◆ **ASSIGNMENT**:
Each line, starting at the one with "American Stone Fruit" and running to the end of the data below, is to be set down again exactly, both ends included; leave pictures out.

◆ **THE DATA**:
[Start of section]
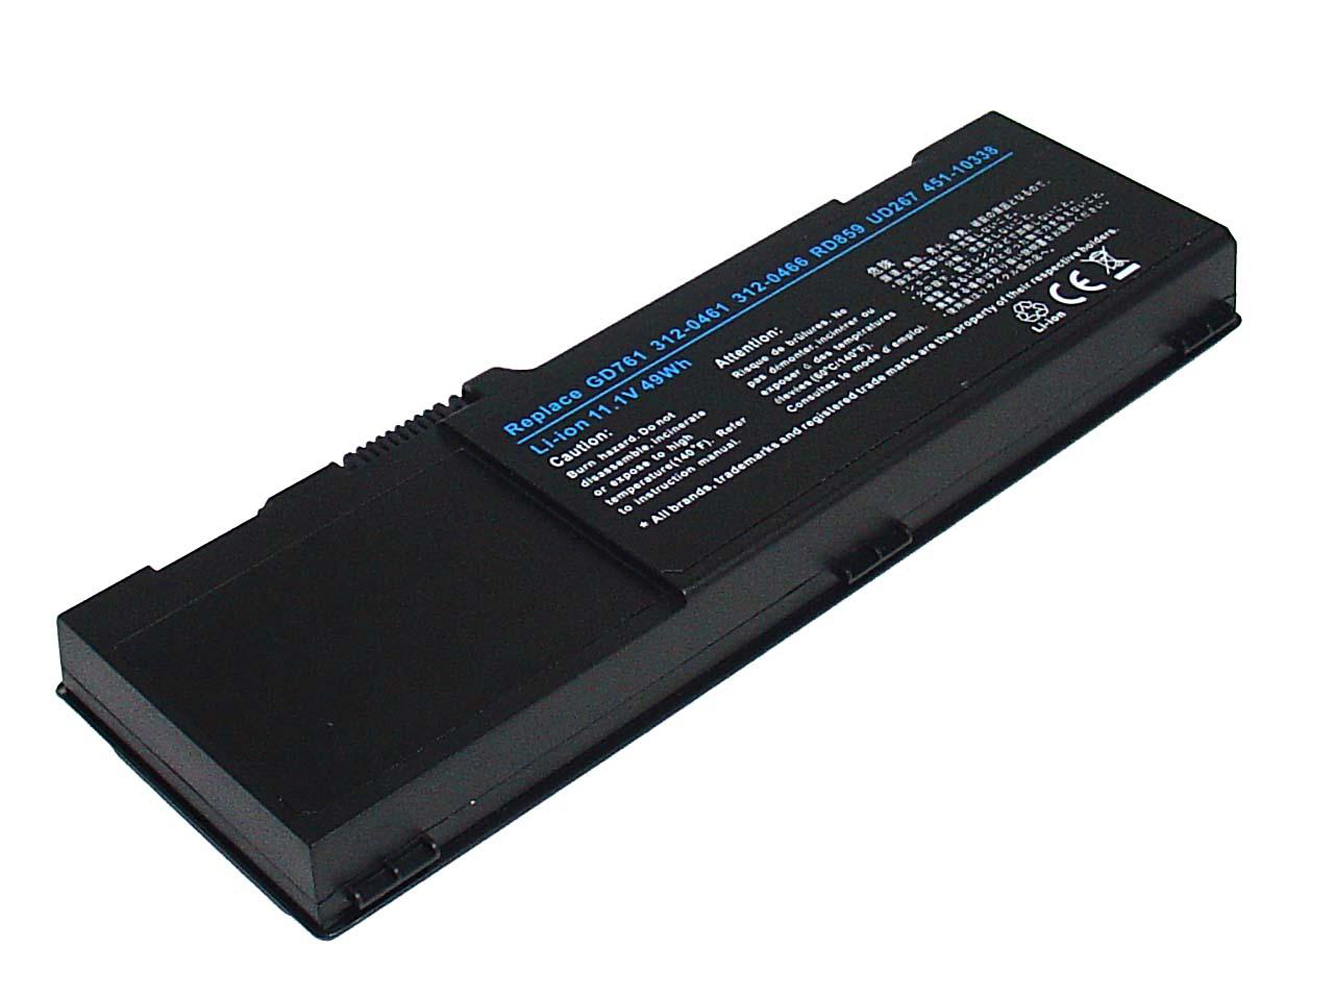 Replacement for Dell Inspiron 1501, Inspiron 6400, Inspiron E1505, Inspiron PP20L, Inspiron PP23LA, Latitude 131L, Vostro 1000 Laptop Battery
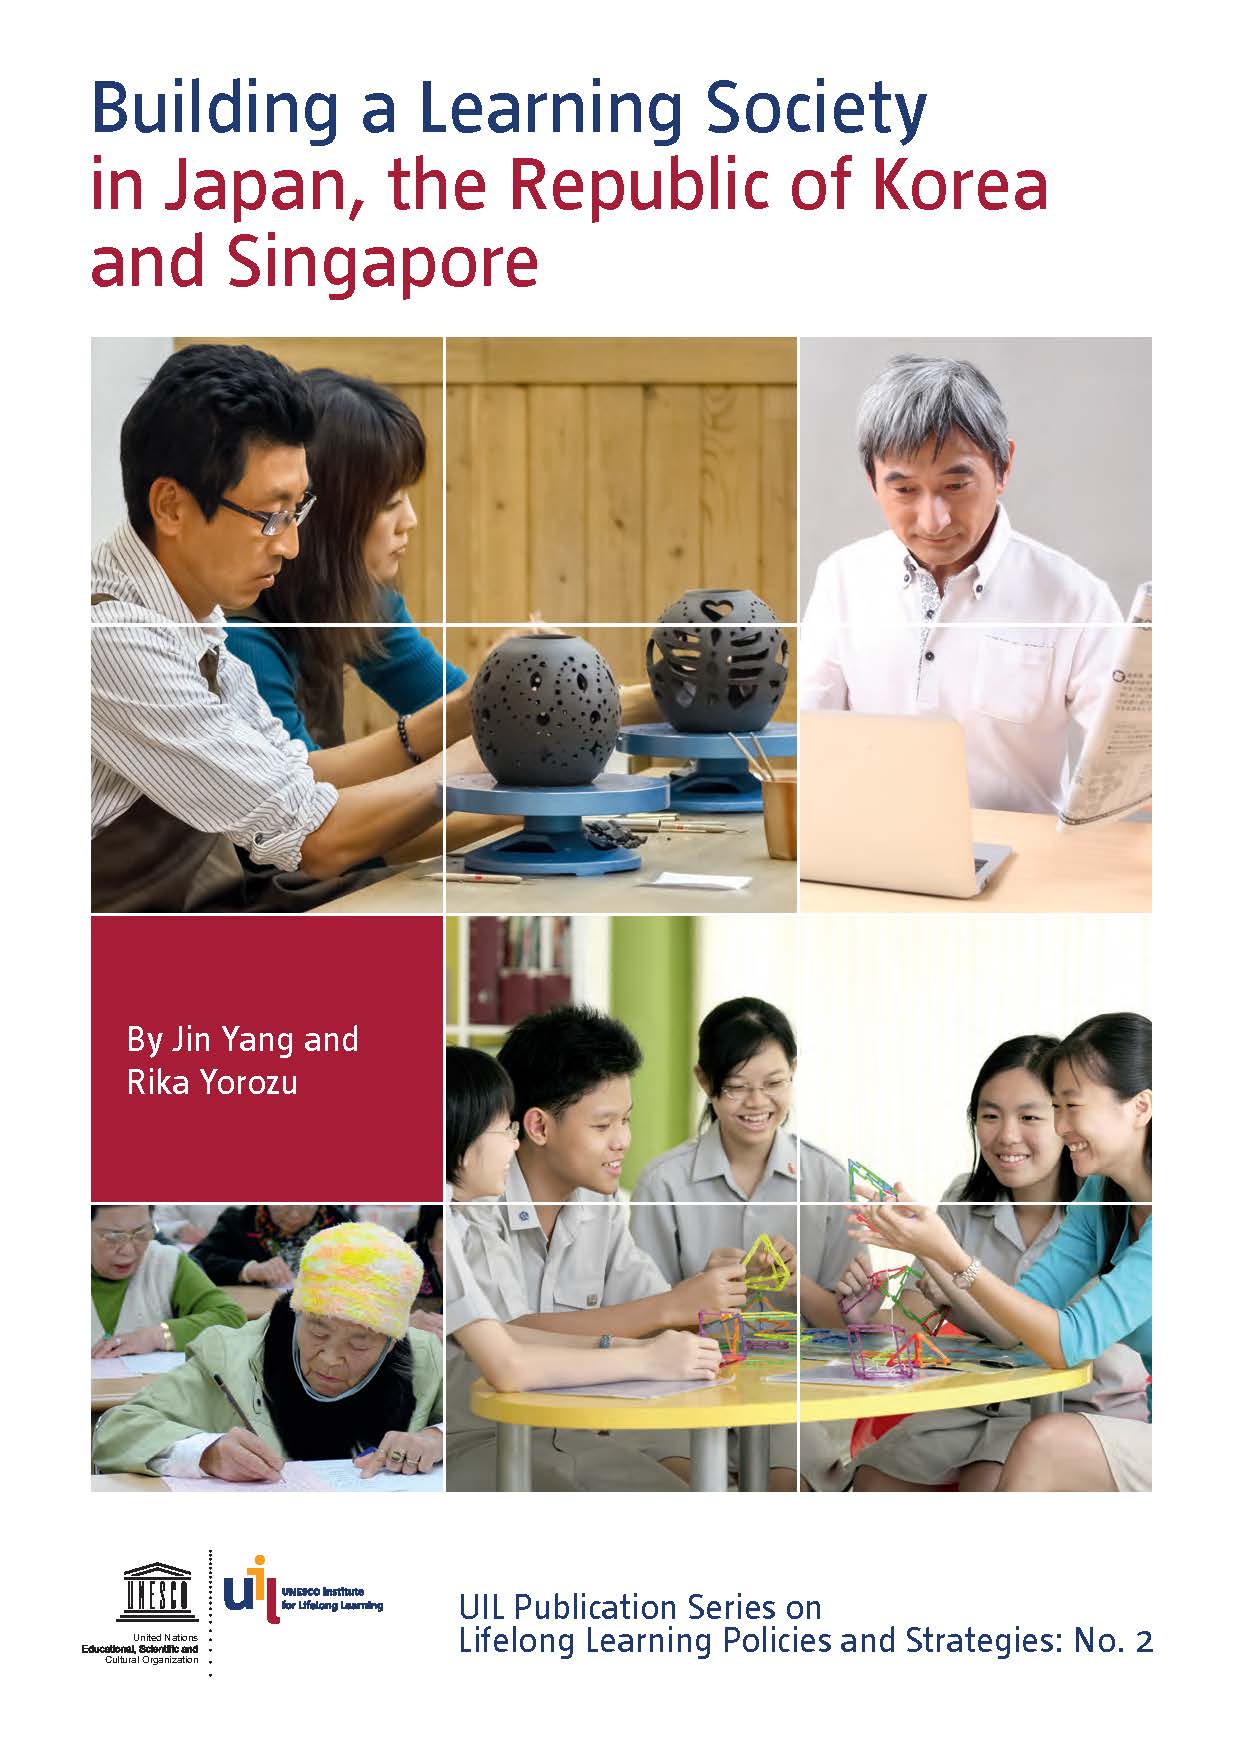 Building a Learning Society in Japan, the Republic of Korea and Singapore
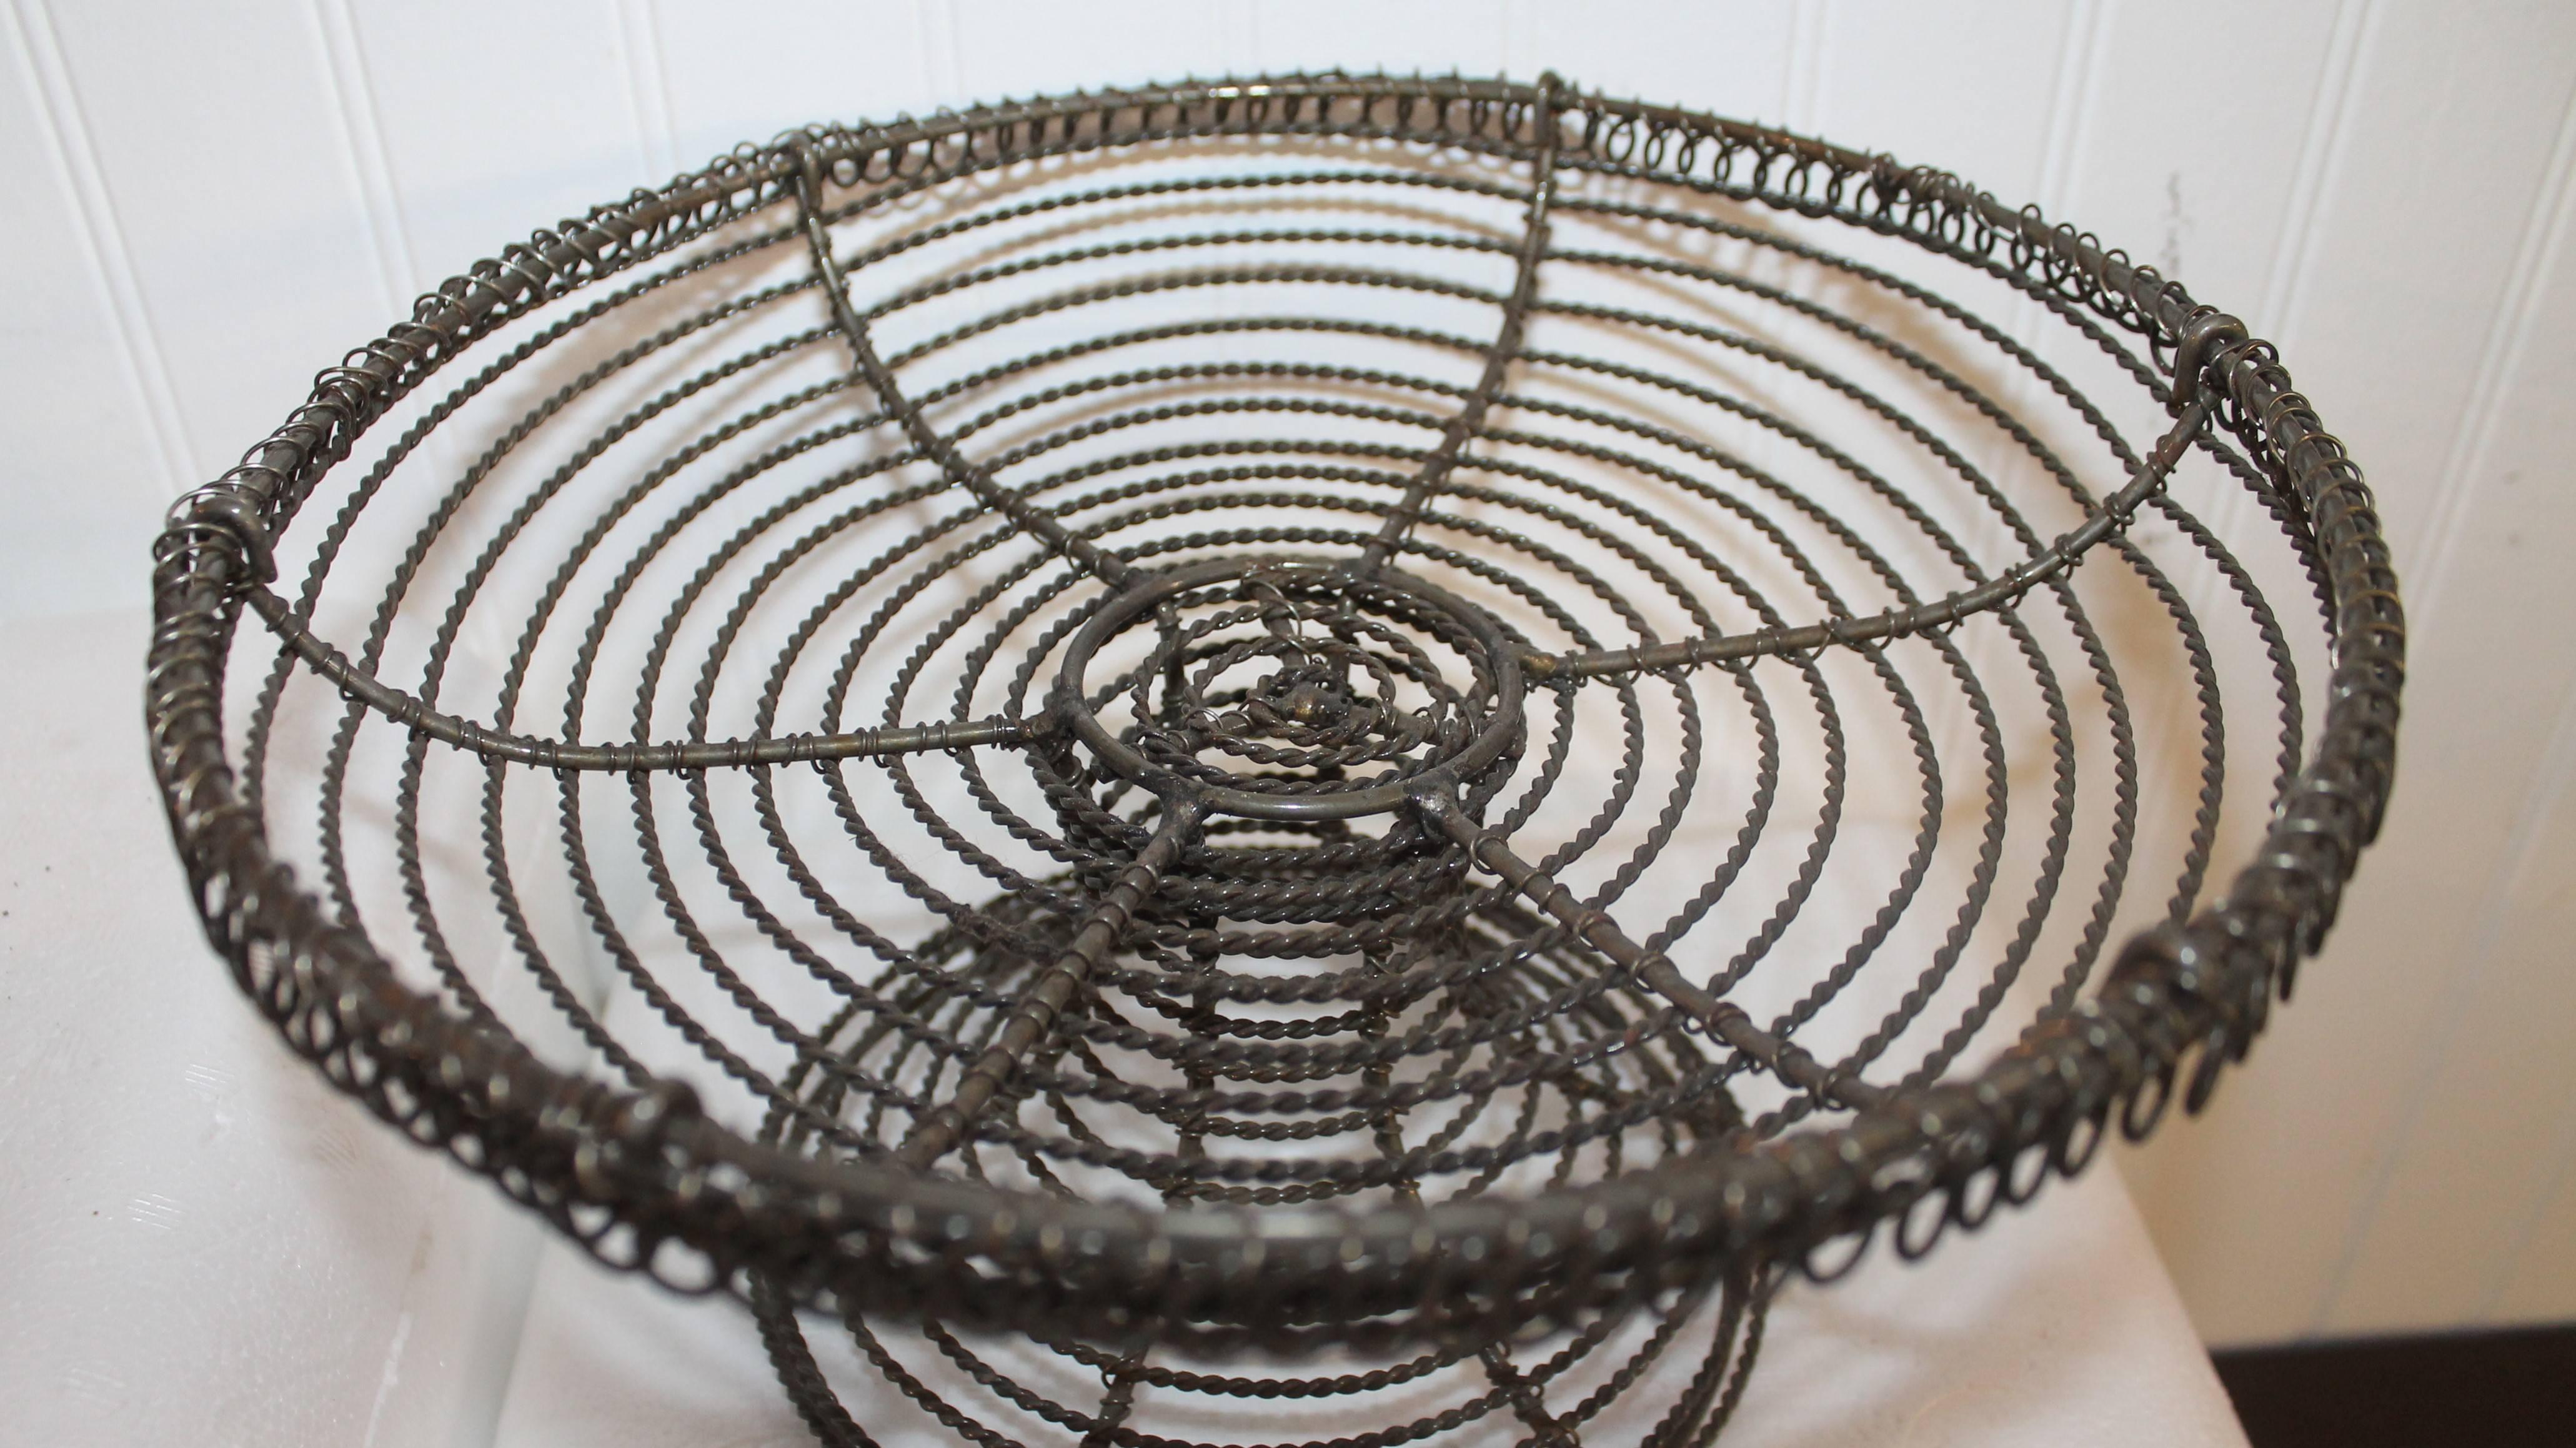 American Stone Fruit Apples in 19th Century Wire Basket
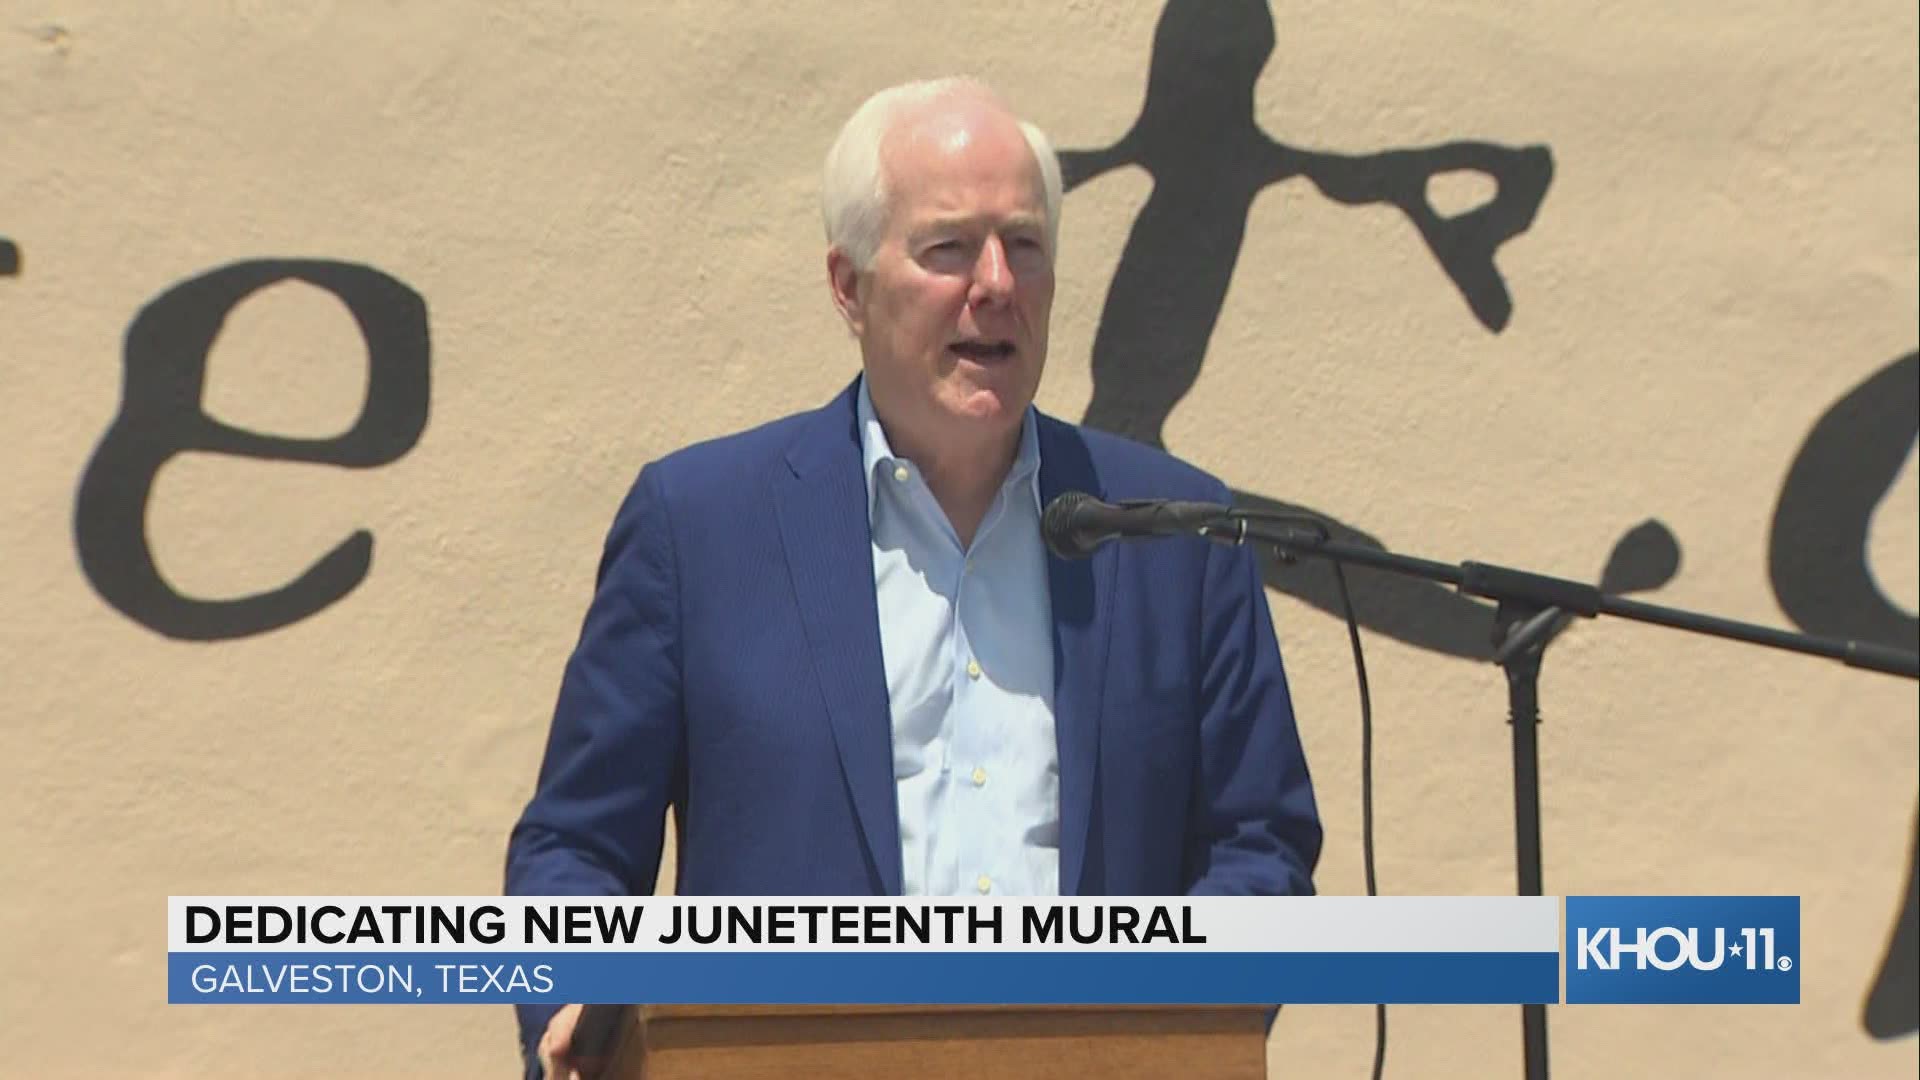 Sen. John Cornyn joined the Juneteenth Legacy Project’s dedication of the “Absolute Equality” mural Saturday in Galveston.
[End of section]
◆ **ANSWER SPACE**:
 American Stone Fruit Apples in 19th Century Wire Basket
 Sen. John Cornyn joined the Juneteenth Legacy Project’s dedication of the “Absolute Equality” mural Saturday in Galveston.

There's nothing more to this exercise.